Google first announced it was working on an update to the index last August. Coincidentally or not, that was right around the time Microsoft and Yahoo announced their search partnership, whereby the software giant’s Bing search engine would power the results at all of Yahoo’s properties. But while Microsoft’s search results have been getting more competitive with Google’s over the past number of years, competing with the software company wasn’t the main impetus behind Google’s desire to re-engineer its index.

The biggest push came from the simple fact that the web is speeding up all around us — thanks largely to the skyrocketing popularity of social media sites like Twitter and Facebook, as well as other real-time publishing tools (such as PubSubHubbub) — and as the central library through which many people gather online information, Google had to speed up in order to catch up. I looked at the background behind these changes and the implications of them in an article for GigaOM Pro, which you can find here (subscription required).

Without getting too technical about the changes, Google’s previous indexing system accumulated large batches of updates for websites and pages, which were “crawled” (by the engine’s automated search bots) every few weeks to detect changes. But one result was that any pages in the update pool couldn’t be accessed by searchers until the entire batch was finished processing. That meant large quantities of results were older than they should have been — up to several weeks old — even though there were newer results in the update. So Google decided to make more frequent, but also smaller, updates to the index — meaning that in aggregate there would be more fresh results. In fact, the company says that the new Caffeine results are 50 percent fresher than the previous system (Stacey has a closer look at the new search indexing technology in this post).

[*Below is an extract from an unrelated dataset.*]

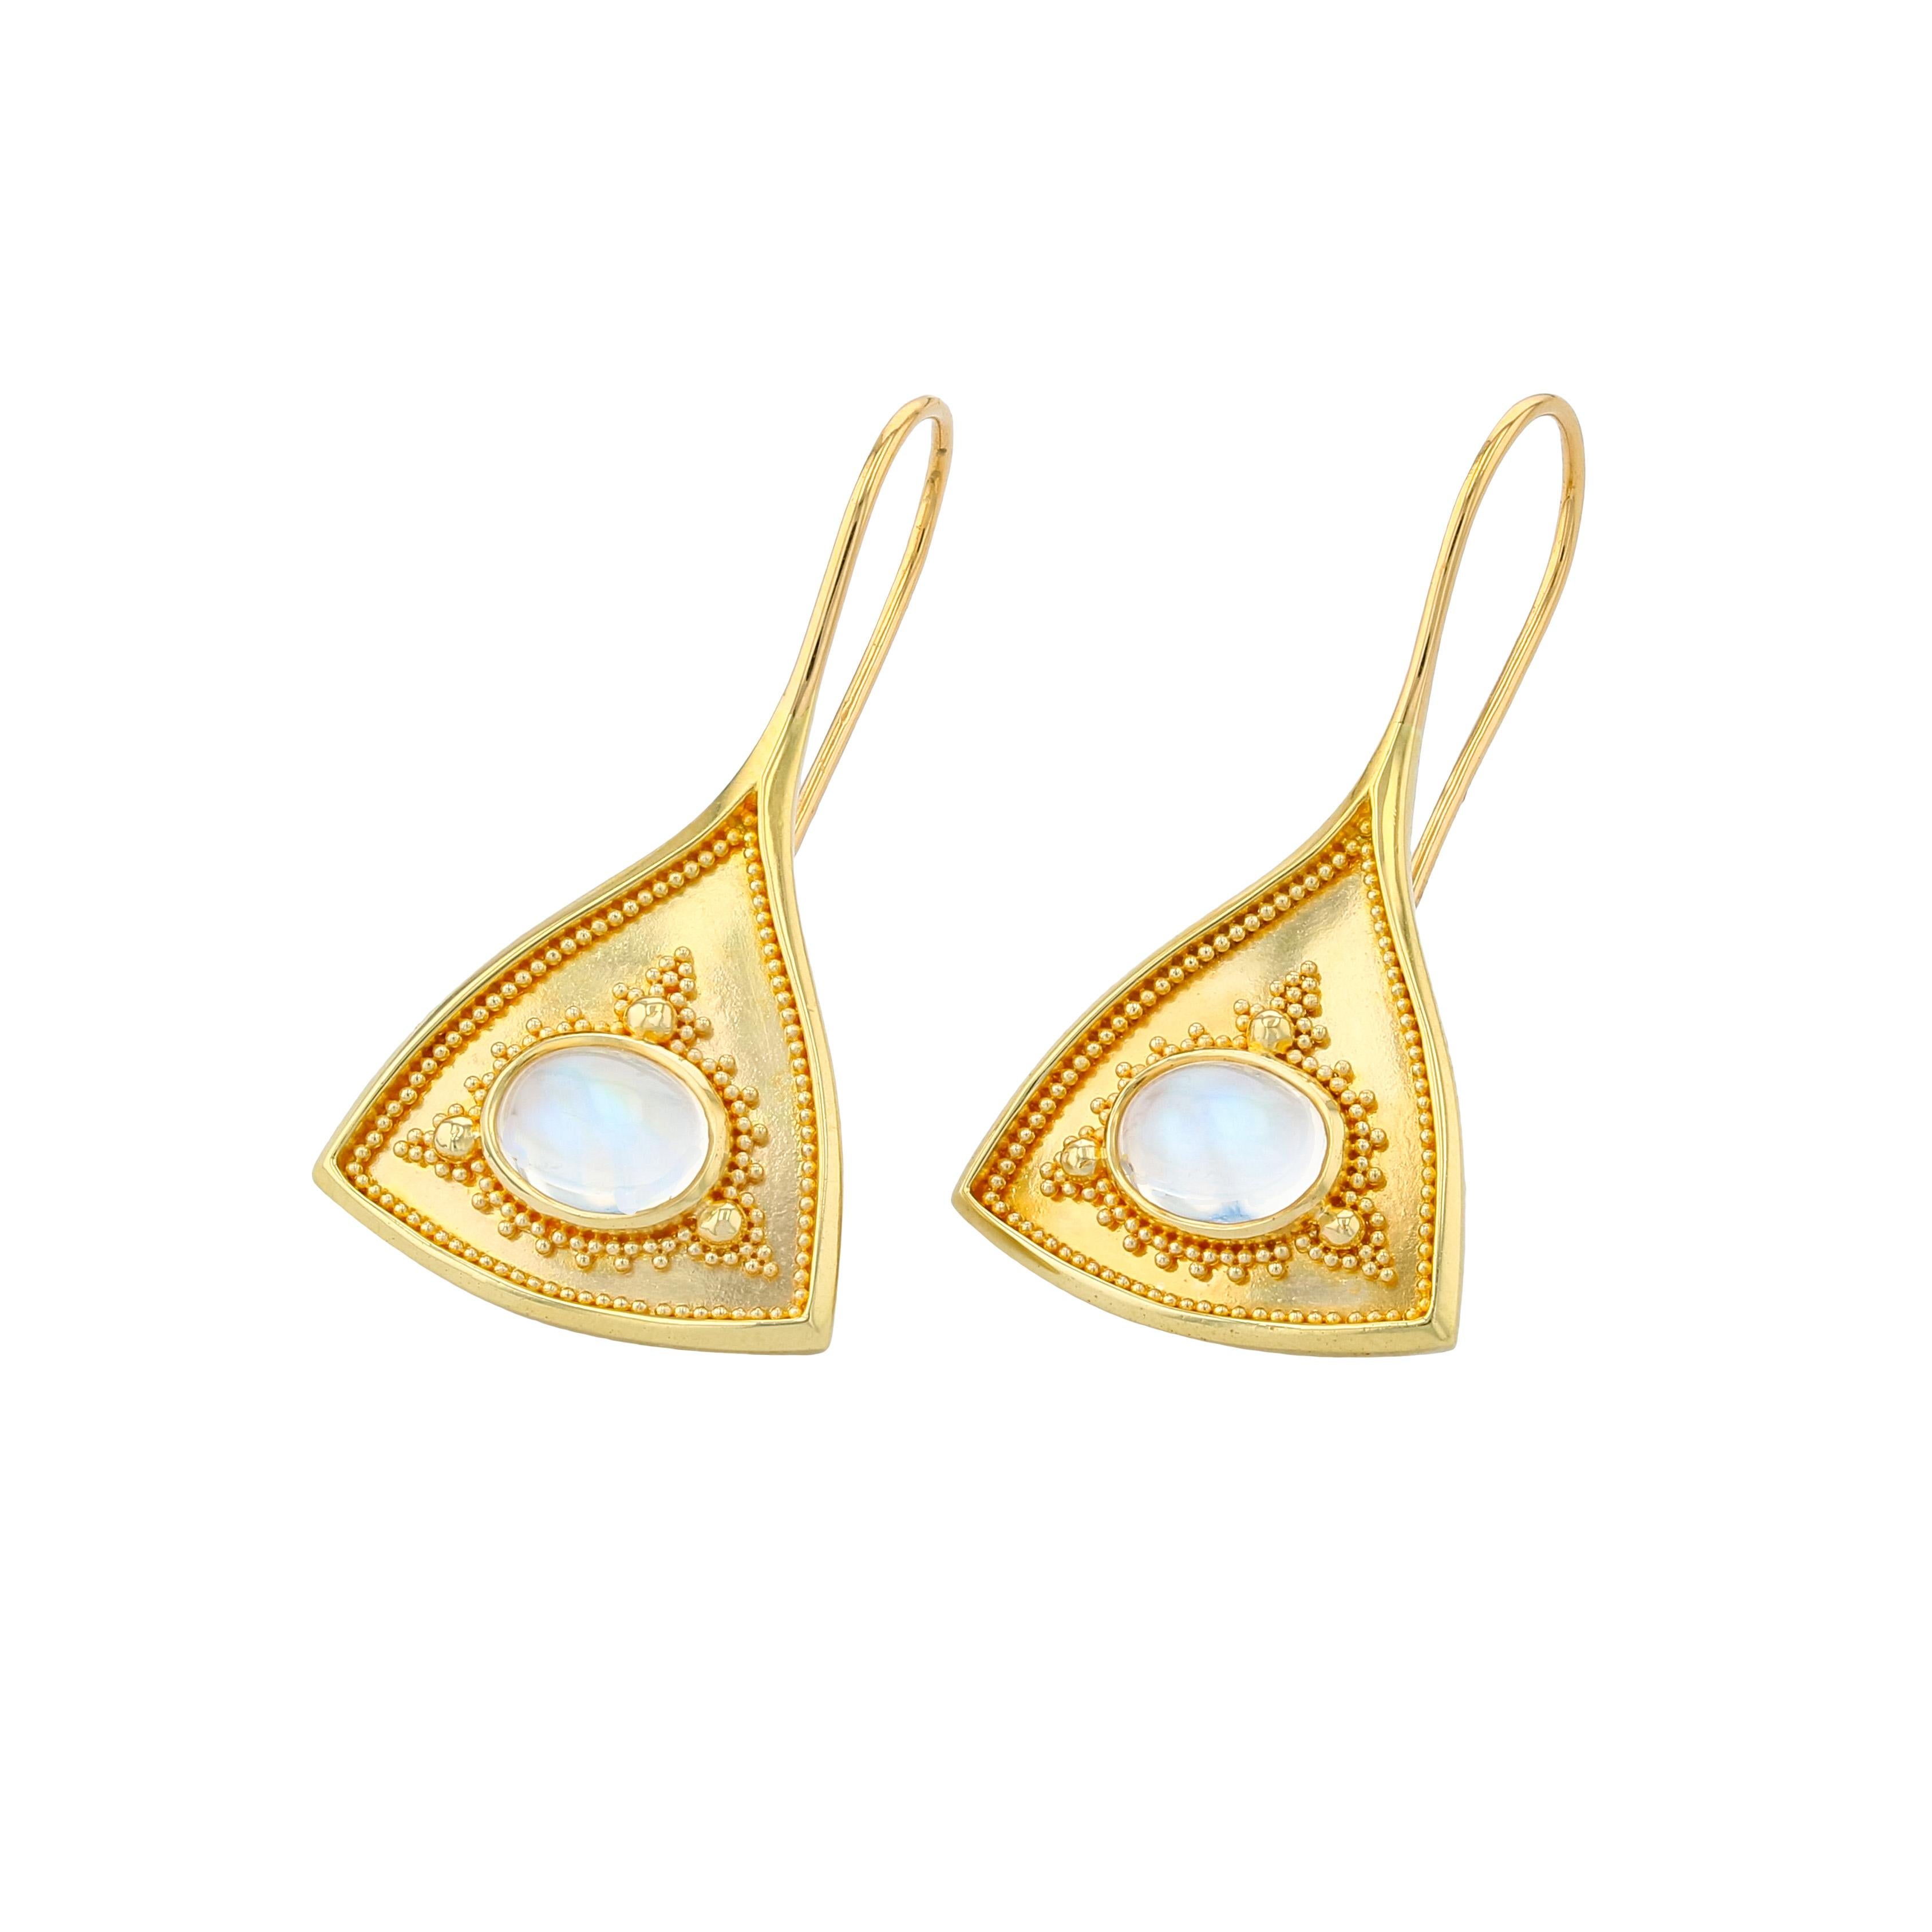 Oval Cut Kent Raible 18 Karat Gold Moonstone Drop Earrings with Gold Granulation

The critical thing Google realized is that, while search results that are a few days old might have been fine even a year or two ago, the web has become far more real-time than it has ever been before — thanks to the volumes of status updates, photos and other information coming from social networks such as Facebook and Twitter. Facebook has more than 500 million users, many of whom are posting updates, links and photos multiple times a day, and Twitter recently said that the social network sees more than 65 million messages posted every day. That kind of deluge of information places increasing pressure on a search engine like Google to become more real-time in its results. Please see the full report here.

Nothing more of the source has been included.